SECURITIES AND EXCHANGE COMMISSION

Washington, DC 20549

 

 

FORM 8-K

 

 

CURRENT REPORT

PURSUANT TO SECTION 13 OR 15(d) OF THE

SECURITIES EXCHANGE ACT OF 1934

Date of report (Date of earliest event report): August 9, 2013 (August 6, 2013)

 

 

GREAT WOLF RESORTS, INC.

(EXACT NAME OF REGISTRANT AS SPECIFIED IN ITS CHARTER)

 

 

 

Delaware   001-35458   51-0510250

(State or other jurisdiction of

incorporation or organization)

 

(Commission

file number)

 

(I.R.S. employer

identification number)

525 Junction Road, Suite 6000 South,

Madison, Wisconsin

  5371 7
(Address of principal executive offices)   (Zip Code)

(608) 662-4700

(Registrant’s telephone number, including area code)

Not applicable

(Former name, former address and former fiscal year, if changed since last report)

 

 

Check the appropriate box below if the Form 8-K filing is intended to simultaneously satisfy the filing obligation of the registrant under any of the following provisions:

 

¨ Written communications pursuant to Rule 425 under the Securities Act (17 CFR 230.425)

 

¨ Soliciting material pursuant to Rule 14a-12 under the Exchange Act (17 CFR 240.14a-12)

 

¨ Pre-commencement communications pursuant to Rule 14d-2(b) under the Exchange Act (17 CFR 240.14d-2(b))

 

¨ Pre-commencement communications pursuant to Rule 13e-4(c) under the Exchange Act (17 CFR 240.13e-4(c))

 

 

 


Item 1.01 Entry into a Material Definitive Agreement.

General

On August 6, 2013, Great Wolf Resorts, Inc. (“GWRI”), entered into a credit agreement (the “Credit Agreement”) governing the senior secured credit facilities, consisting of a $320.0 million term loan B facility which matures on August 6, 2020 and a $100.0 million revolving credit facility which matures on August 6, 2018, with a syndicate of lenders and Deutsche Bank AG New York Branch, as administrative agent, collateral agent, swingline lender and L/C issuer. The material terms and conditions of the senior secured credit facilities are summarized below. The description of the Credit Agreement, and guarantees and collateral arrangements thereunder, contained herein is qualified in its entirety by reference to the full text of the Credit Agreement, Guarantee Agreement and Collateral Agreement, which are attached hereto as Exhibits 10.1, 10.2 and 10.3.

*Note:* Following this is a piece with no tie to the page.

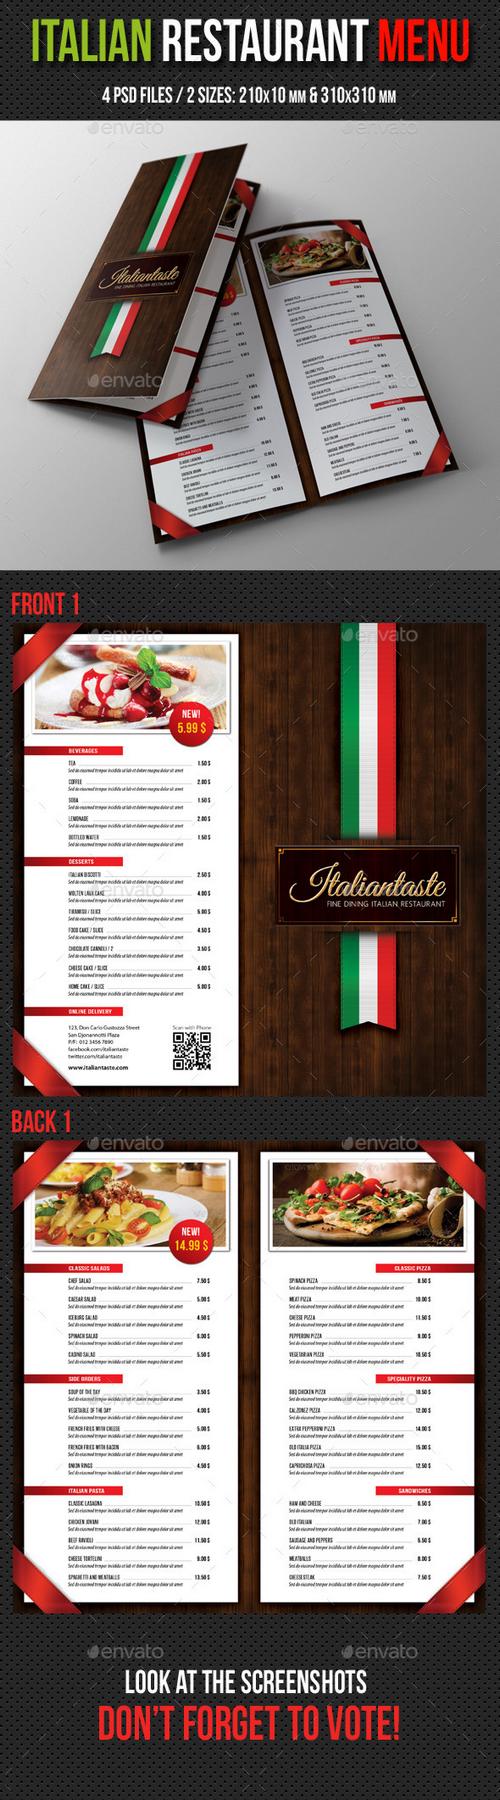 Graphicriver - Italian Restaurant Menu Brochure 10264044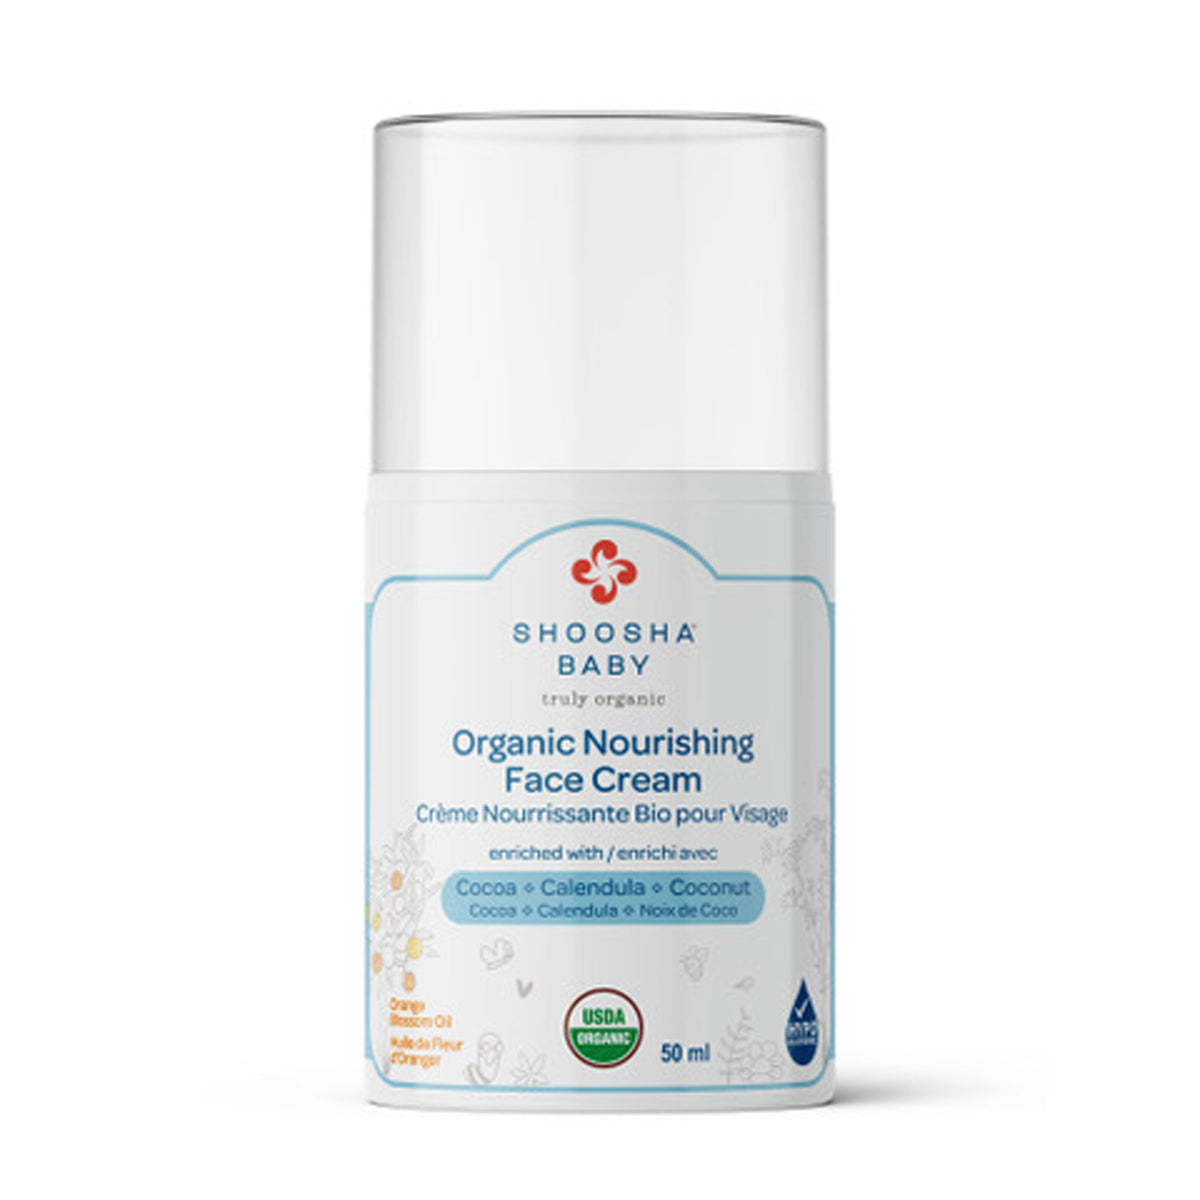 Organic Nourishing Face Cream

Scheduled Amortization Payments

The term loan B facility provides for quarterly amortization payments totaling 1.00% per annum of the original principal amount of the term loan B facility, with the balance payable on the final maturity date.

Voluntary Prepayments and Reduction and Termination of Commitments

The terms of the senior secured credit facilities allow GWRI to prepay loans and permanently reduce the loan commitments under the senior secured credit facilities at any time, subject to the payment of customary LIBOR breakage costs, if any, provided that, in connection with certain refinancing or repricing of the term loan B facility on or prior to the date that is six months after the closing date of the Credit Agreement, a prepayment premium of 1.00% will be required.

Interest

The interest rates with respect to loans to GWRI under the term loan B facility and revolving credit facility are based on, at GWRI’s option, (a) (x) the greater of adjusted LIBOR and 1.0% plus (y) an interest margin of 3.5% or (b) (x) the greatest of (i) the Federal Funds Effective Rate plus 0.5%, (ii) Deutsche Bank prime rate and (iii) 2.0% plus (y) an interest margin of 2.5%. The interest margins under the senior secured credit facilities are subject to reduction based on achievement of specified first lien secured leverage ratios.

Guarantees and Collateral

GWRI’s obligations under the senior secured credit facilities and under any cash management, interest rate protection or other hedging arrangements entered into with a lender or any affiliate thereof are guaranteed by Great Wolf Resorts Intermediate Holdings, LLC (“Holdings”), which is the direct parent of, and wholly owns, GWRI, and each of GWRI’s existing and subsequently acquired or organized wholly-owned domestic subsidiaries, subject to certain exceptions.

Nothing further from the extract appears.